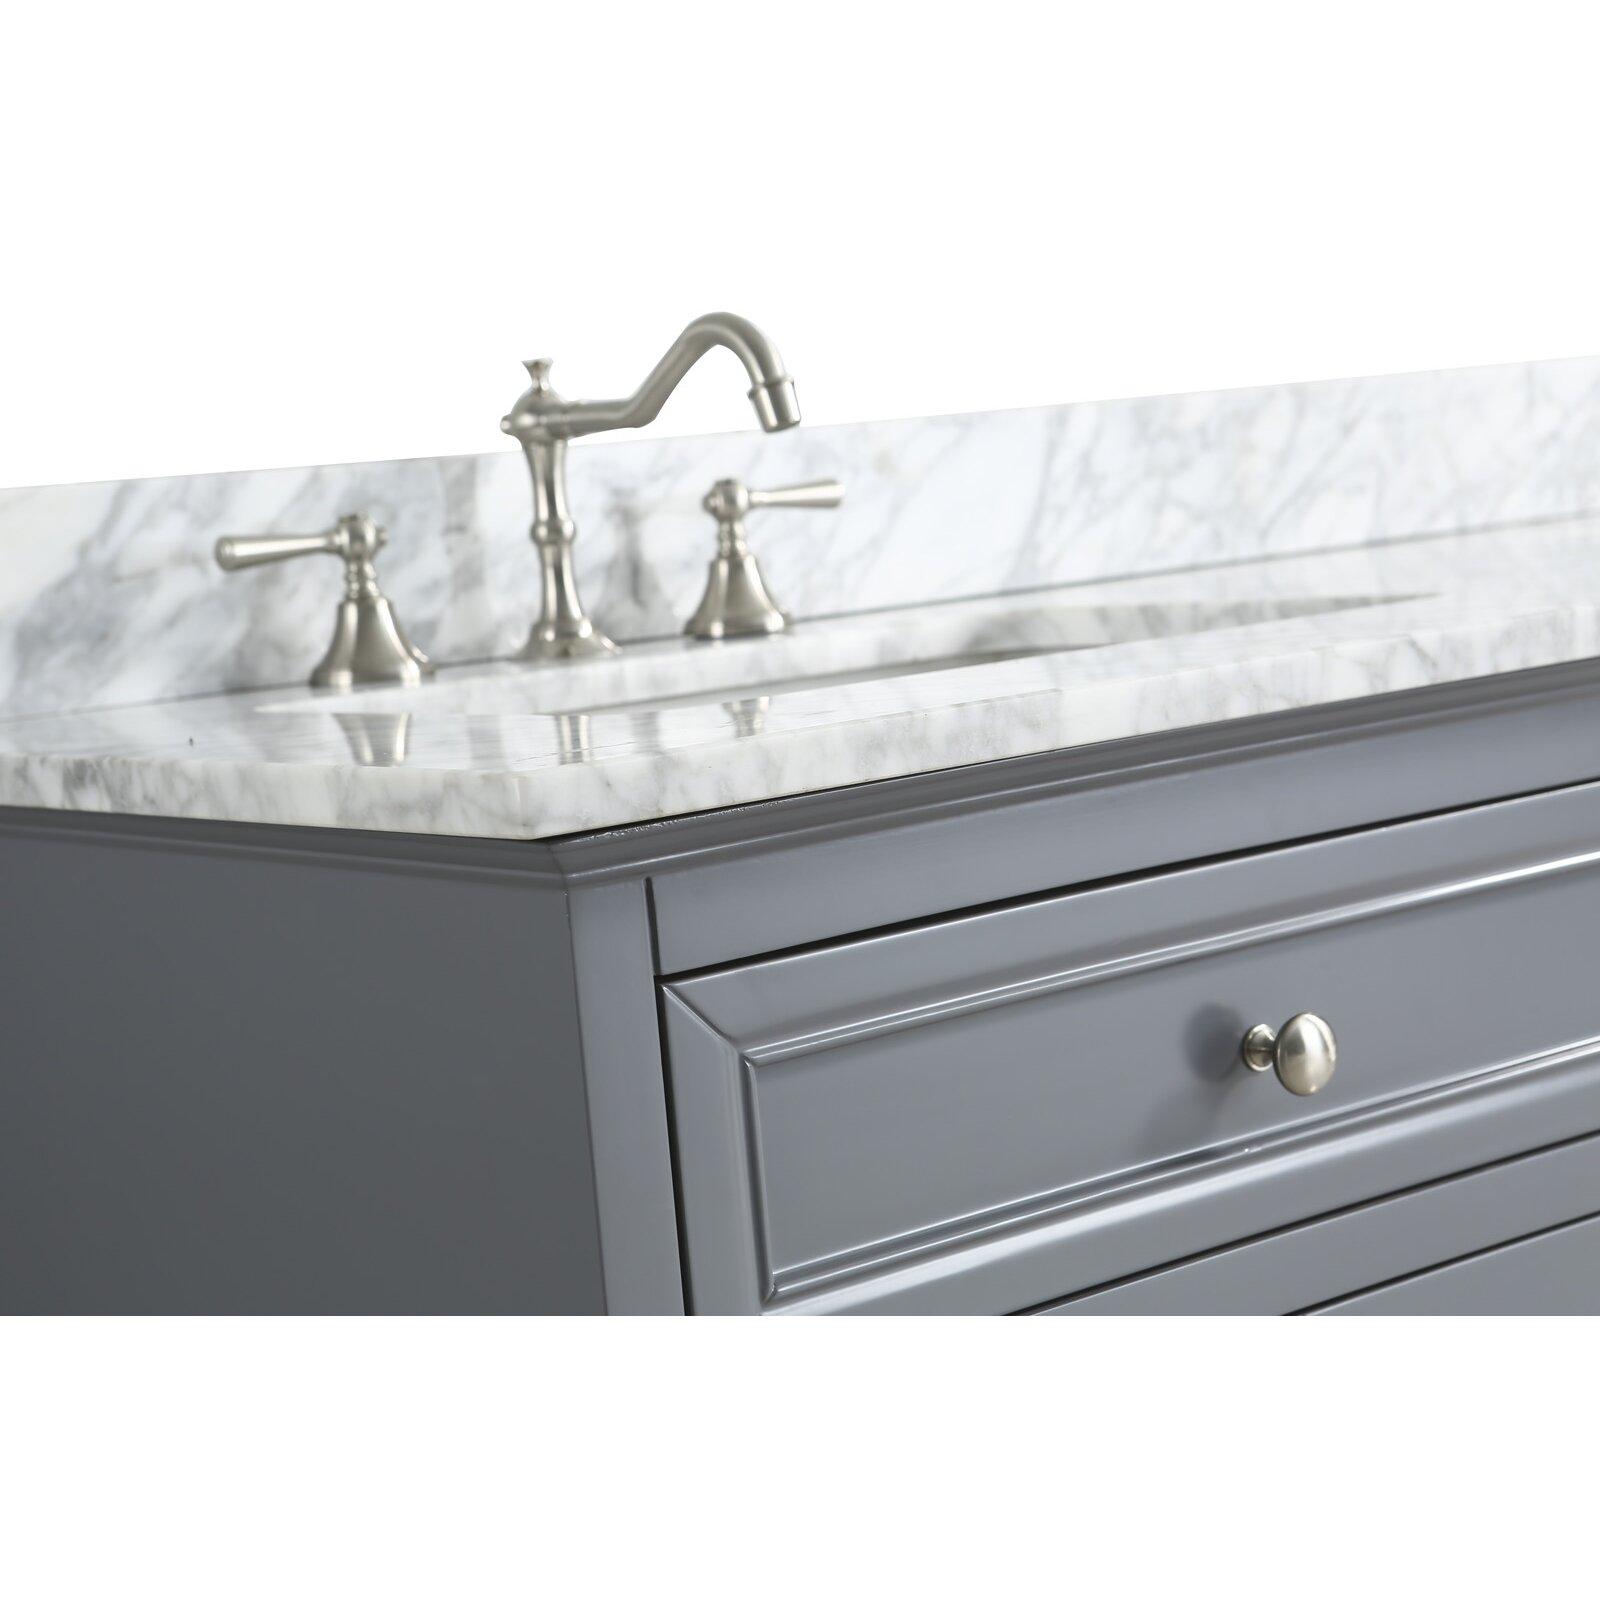 "Double Sink Mirrored Bathroom Vanity: Urban Furnishings Rochelle 60"" Double Bathroom Sink Vanity"
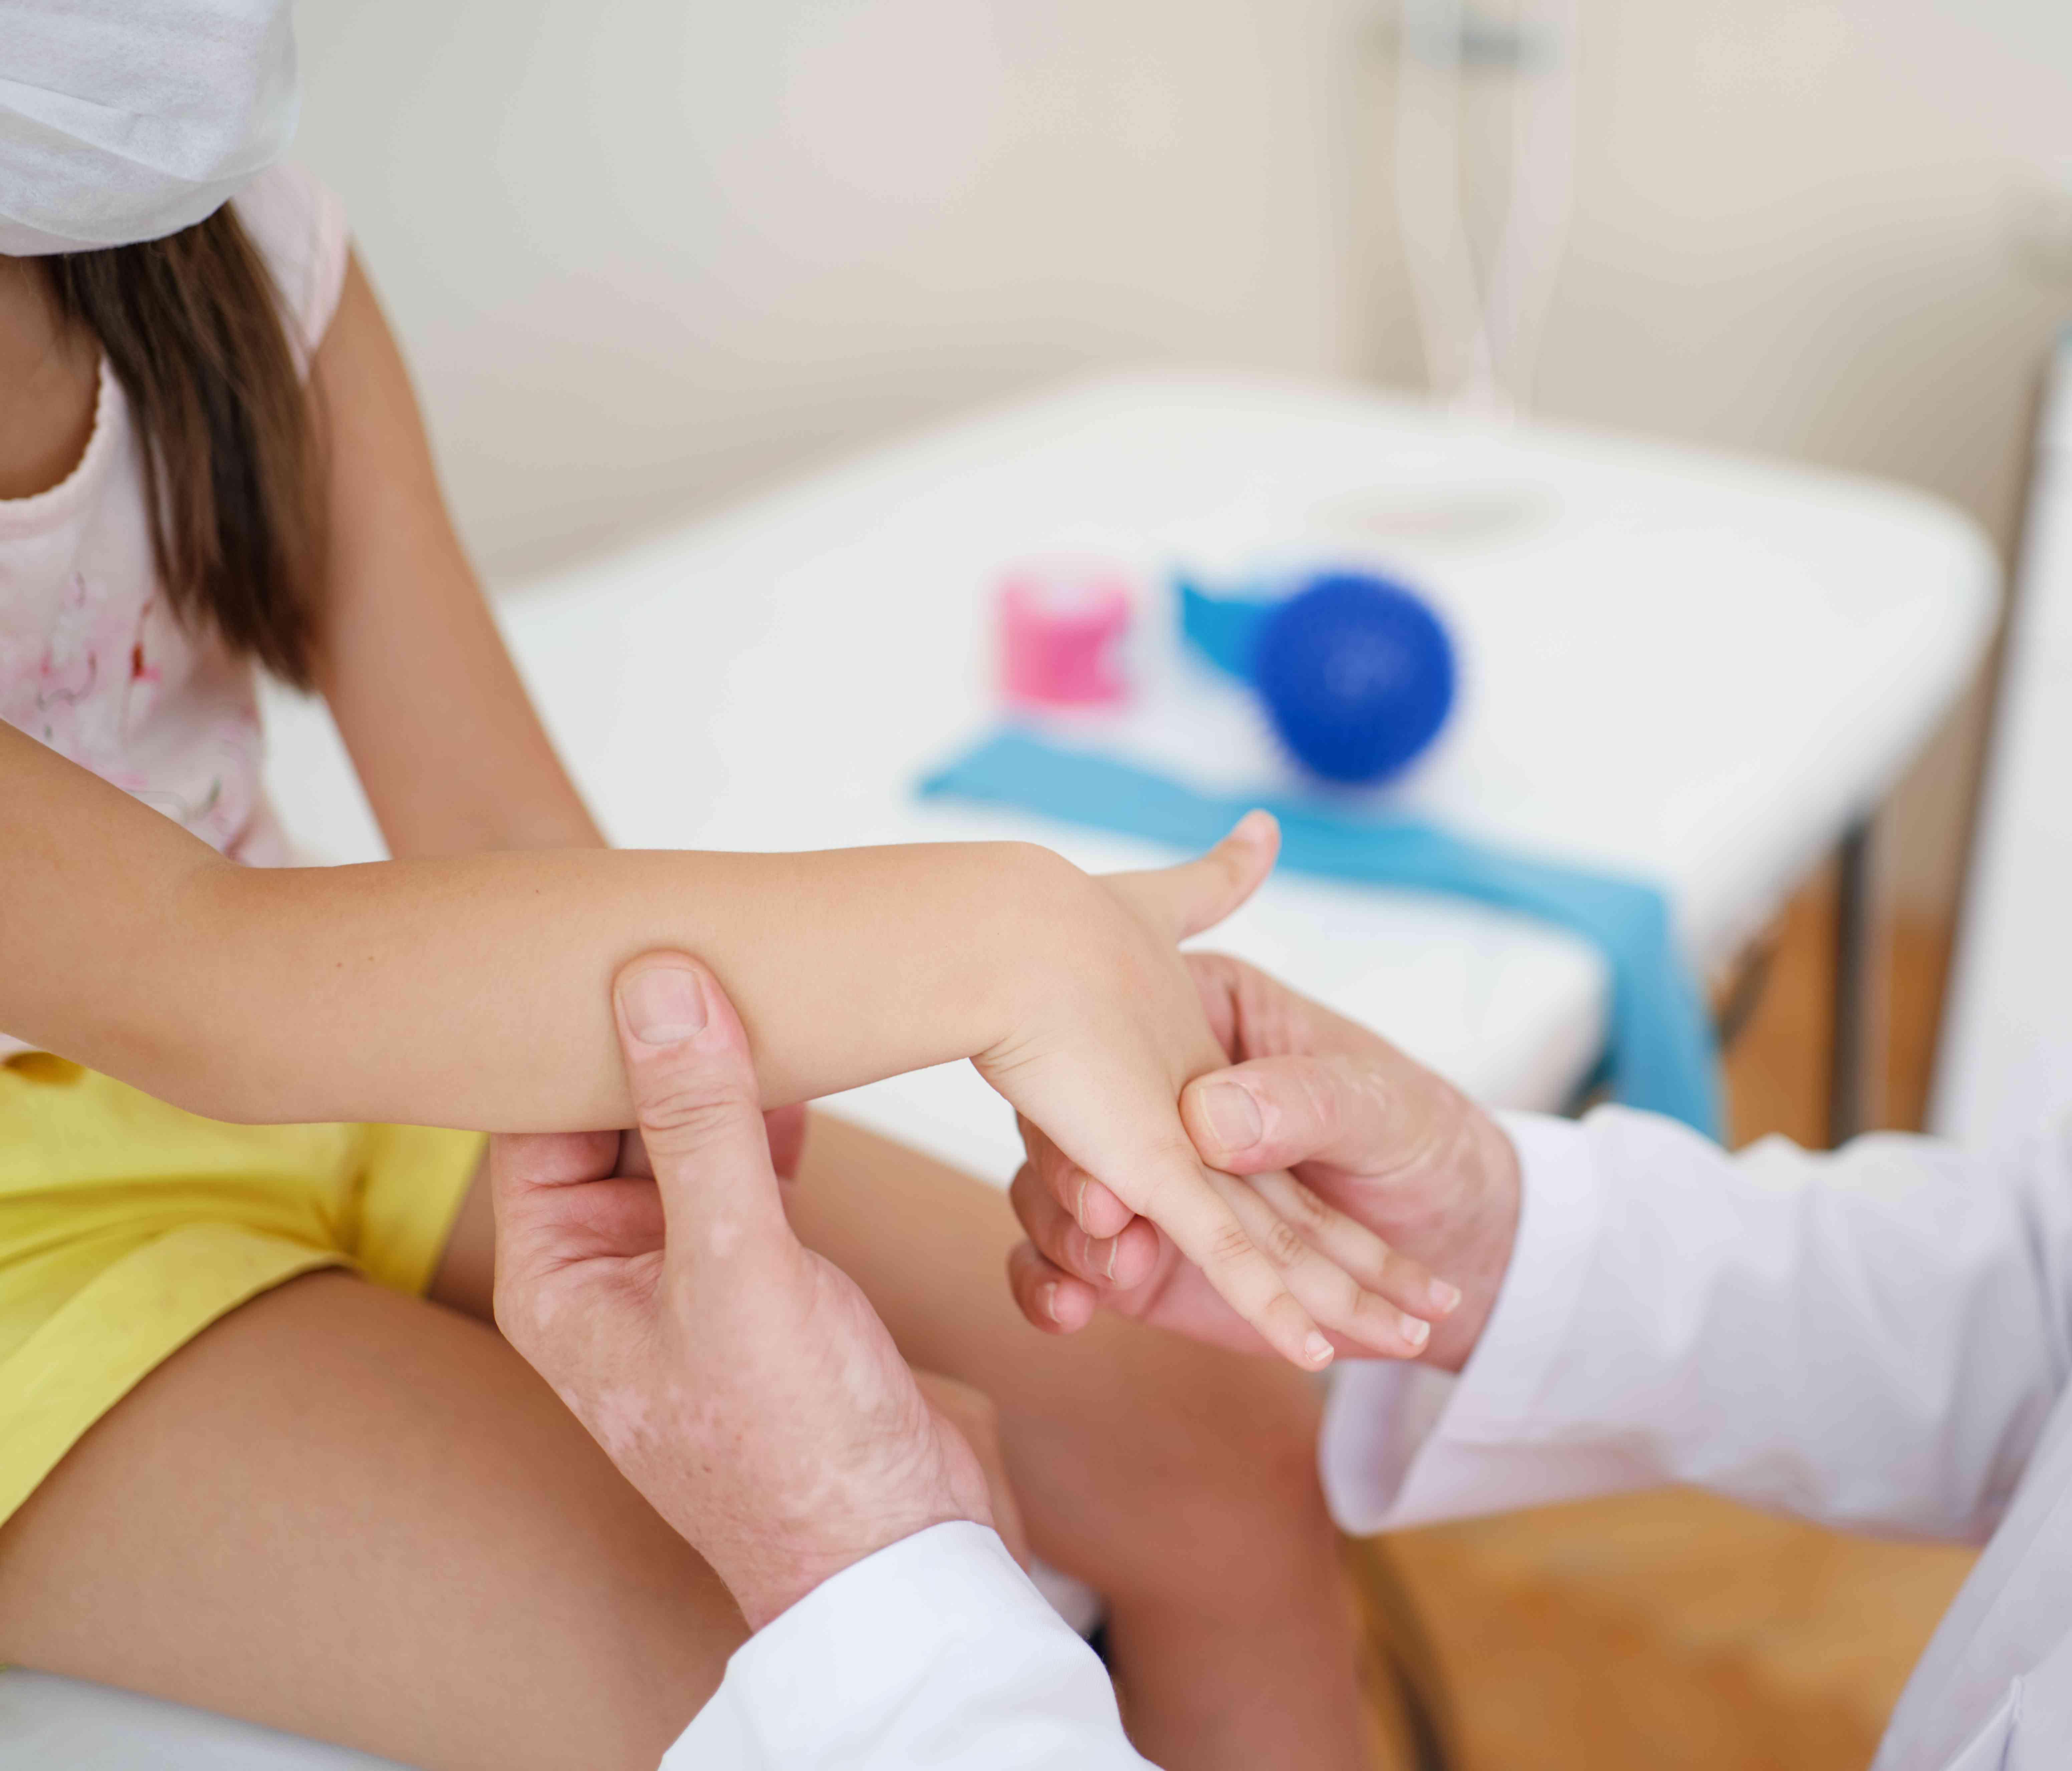 Wrist massage. A male massage therapist puts pressure on a sensitive point on a kid's hand.
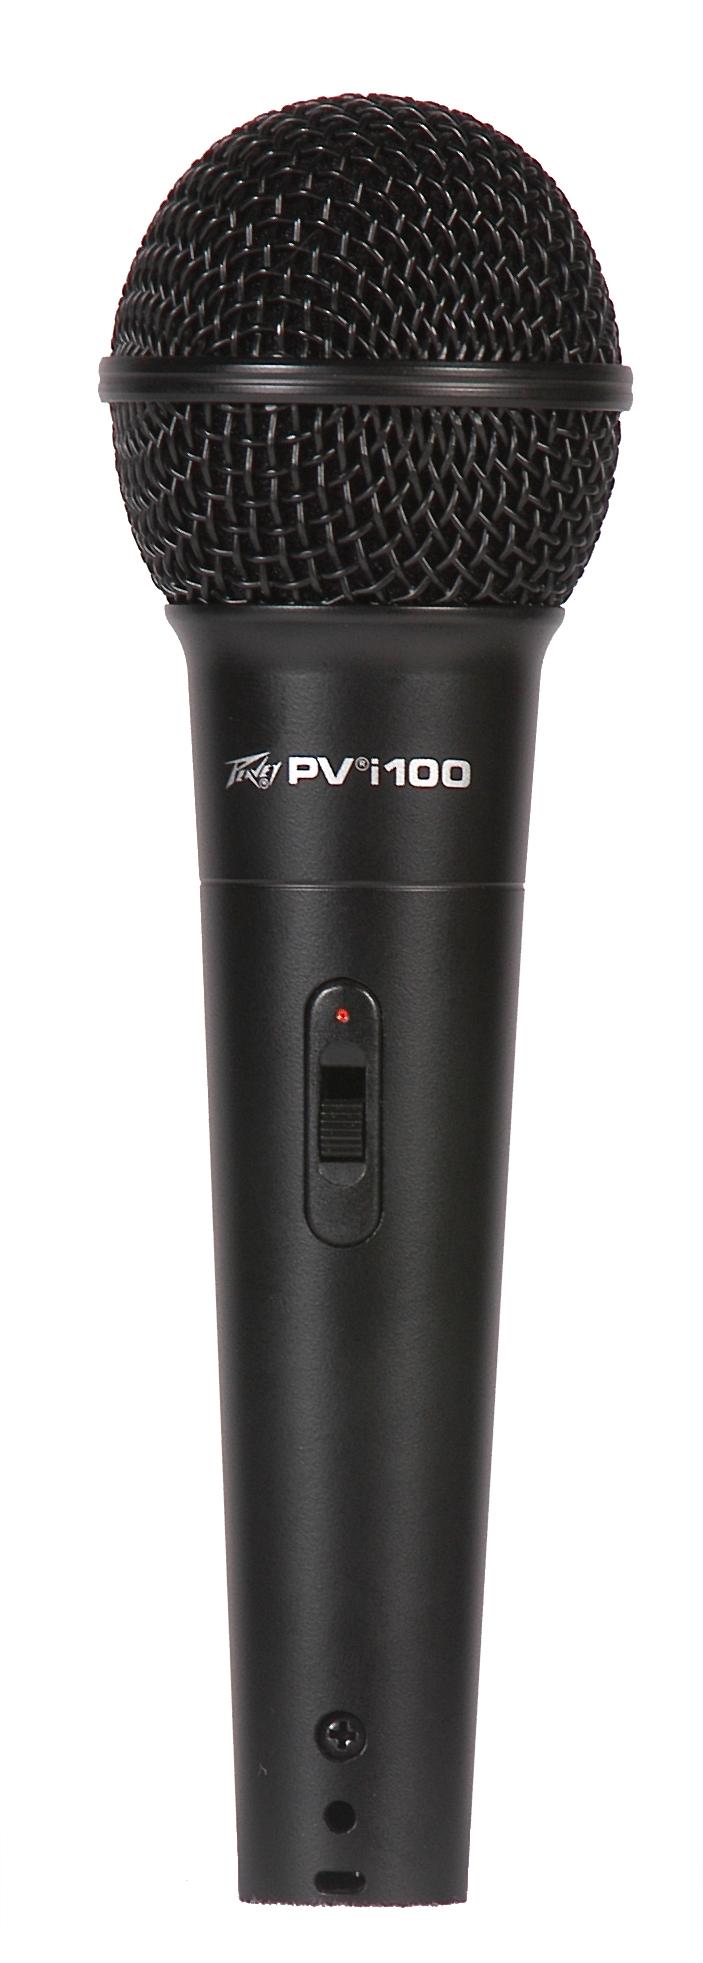 Peavey Microphone Pvi 100 Madison

How to complete this task =
Begin at the line that contains "Wrist massage. A" and transcribe exactly, and only, each line through the final line of the data above, both included; the pictures do not go in.

Solution to the problem =
 Wrist massage. A male massage therapist puts pressure on a sensitive point on a kid's hand.
 Peavey Microphone Pvi 100 Madison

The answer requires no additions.